In patients with localized disease, adjuvant chemotherapy is generally recommended for all medically fit patients with stage III (node-positive) disease. For those with node-negative disease, with cancer extending into the pericolic adipose tissue (stage II), there is general agreement to offer adjuvant therapy to those considered to be at higher than average risk of recurrence. The factors clearly regarded as leading to increased risk are: T4 primary tumours (either invading onto the serosal surface or into adjacent organs), poorly differentiated histology, the presence of perforation and assessment of an inadequate number of nodes (see above). Other factors are thought to possibly increase the risk of cancer recurrence and may also influence the decision to offer adjuvant therapy. These include an obstructing primary tumour, lymphovascular invasion, perineural invasion and tumours with a high proliferative index. There is also a preference toward offering adjuvant therapy to young patients even if they have average-risk stage II disease. Adjuvant therapy is not offered after resection of stage I colon cancer.
The standard adjuvant chemotherapy offered is some version of the FOLFOX regimen, given every two weeks for 12 cycles. FOLFOX-4 has been demonstrated to decrease the risk of recurrence of stage III colon cancer by an absolute 6.3% at three years compared with infusional 5-FU and leucovorin (6). Most Canadian centres use a version of this, referred to as modified FOLFOX-6, which is simpler to administer. The previous standard North American regimen of bolus 5-FU and leucovorin (FUFA or Mayo regimen) for five consecutive days every four weeks for six cycles has essentially been abandoned because it is less effective and too toxic. Some patients are offered the option of adjuvant therapy with capecitabine. This spares the need for a central venous access device (needed for the FOLFOX and FOLFIRI regimens) and requires far fewer cancer clinic visits. Unfortunately, there is considerable disparity among the provinces regarding whether capecitabine is funded by the province. There is growing interest in substituting capecitabine for infusional 5-FU in combination with oxaliplatin. The clinical trials testing the effectiveness of this substitution have not yet matured.

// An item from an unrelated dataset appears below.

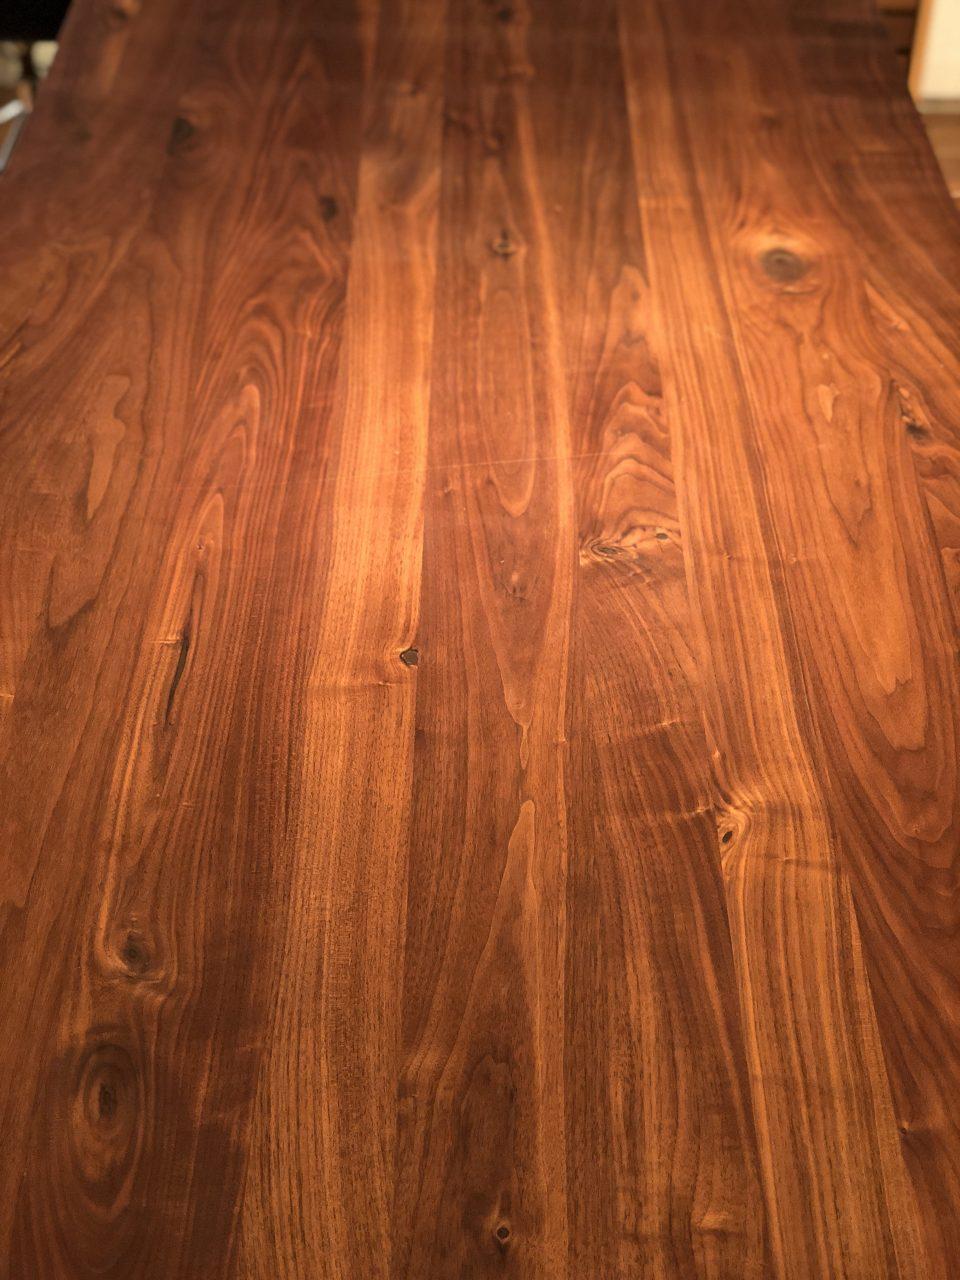 節が多めのウォールナット材のダイニングテーブルです

PA: There is growing concern about the cost of chemotherapy in situations where it is not likely to be curative. There are some drugs that have been advocated for colon cancer that are in this category.
PC: Currently, systemic therapy has no potential for curing ACRC. A small minority of patients with paucimetastatic disease may have sufficient shrinkage of their disease to enable potentially curative resection of metastases, but in general terms, the goal of systemic therapy remains control of the cancer. When cure is not the goal, the competing considerations relate to the degree of benefit versus the impact on quality of life. Obviously, cost also becomes an issue.
Although the new chemotherapy agents are expensive ($20,000 to $30,000 per six months of therapy), their cost is not out of keeping with what we are willing to pay for similarly effective agents in other malignancies, and provincial Ministries of Health have been willing accept these added costs. What is more of an issue is the addition of the new ‘targeted therapies’ to the standard armamentarium for ACRC. Part of the problem relates to the uncertainty of the degree of benefit they provide, particularly in the context of their cost. Two agents in particular are creating controversy in Canada.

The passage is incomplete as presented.